Atorvastatin (INN), marketed under the trade name Lipitor and several others, is a member of the drug class known as statins, used for lowering cholesterol. Atorvastatin inhibits the rate-determining enzyme located in hepatic tissue that produces mevalonate, a small molecule used in the synthesis of cholesterol and other mevalonate derivatives. This lowers the amount of cholesterol produced which in turn lowers the total amount of LDL cholesterol.
With 2006 sales of US$12.9 billion under the brand name Lipitor, it is the largest selling drug in the world.
A similar drug, simvastatin, is available as a cheaper generic alternative.

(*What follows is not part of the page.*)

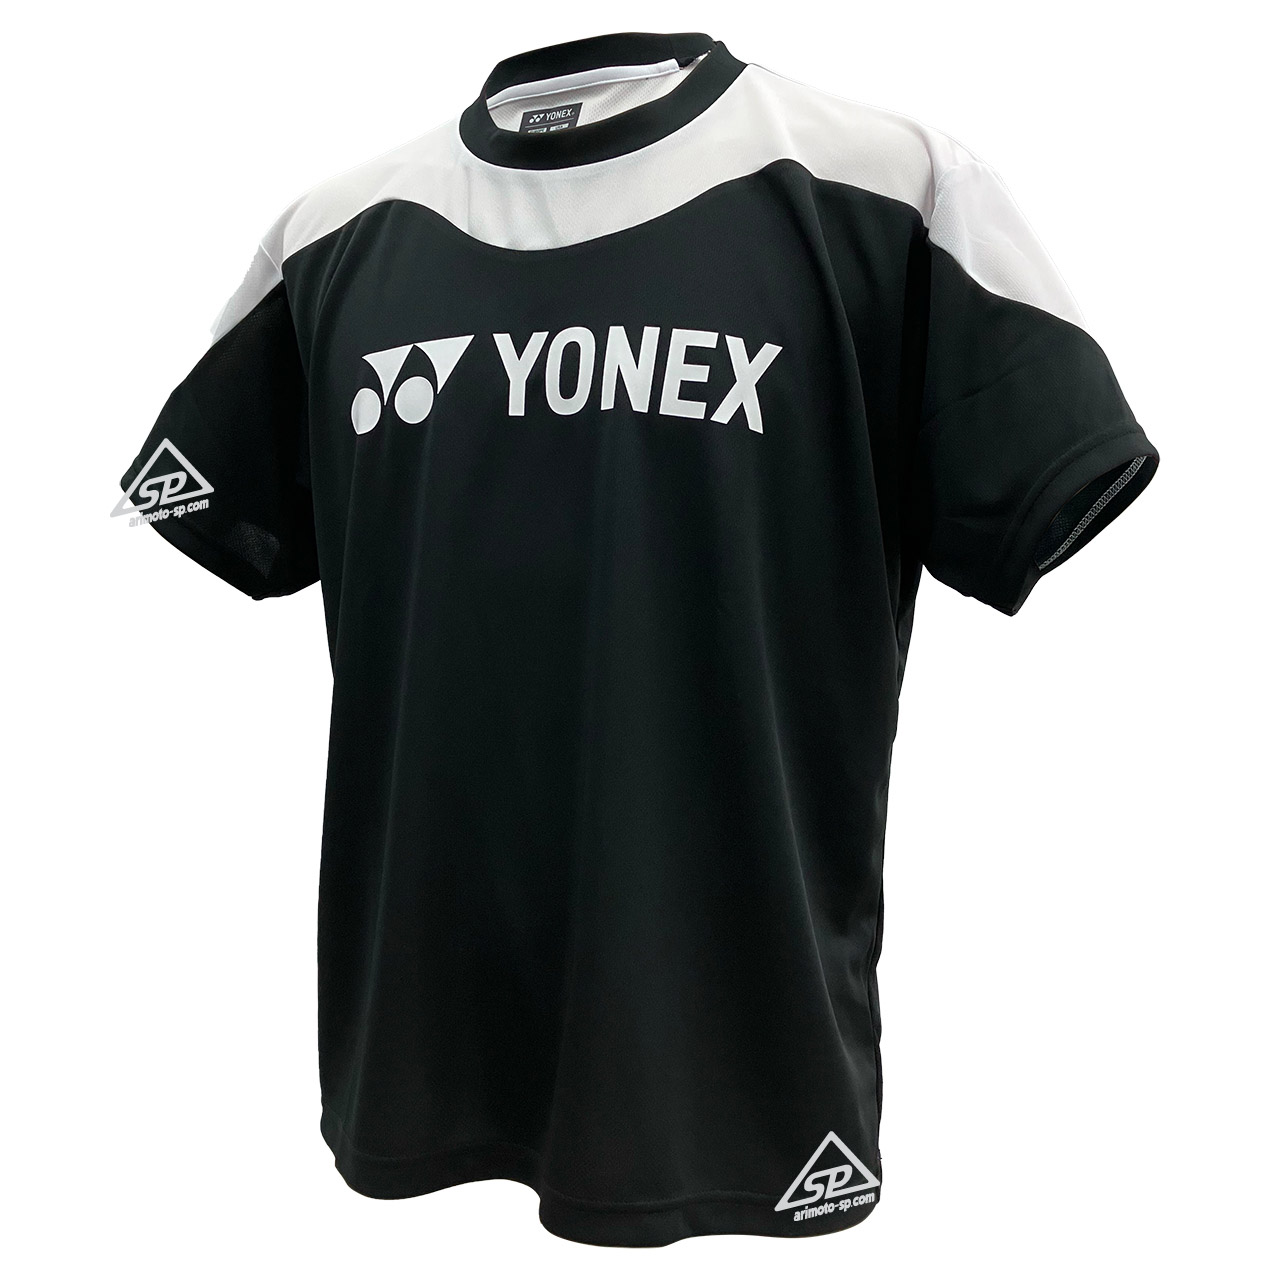 YONEX 限定Tシャツ YOB22030 4色入荷しました。

As with other statins, atorvastatin is a competitive inhibitor of HMG-CoA reductase. Unlike most others, however, it is a completely synthetic compound. HMG-CoA reductase catalyzes the reduction of 3-hydroxy-3-methylglutaryl-coenzyme A (HMG-CoA) to mevalonate, which is the rate-limiting step in hepatic cholesterol biosynthesis. Inhibition of the enzyme decreases de novo cholesterol synthesis, increasing expression of low-density lipoprotein receptors (LDL receptors) on hepatocytes. This increases LDL uptake by the hepatocytes, decreasing the amount of LDL-cholesterol in the blood. Like other statins, atorvastatin also reduces blood levels of triglycerides and slightly increases levels of HDL-cholesterol.
In clinical trials, adding ezetimibe (Zetia) to Lipitor lowered cholesterol more effectively than Vytorin (ezetimibe + simvastatin).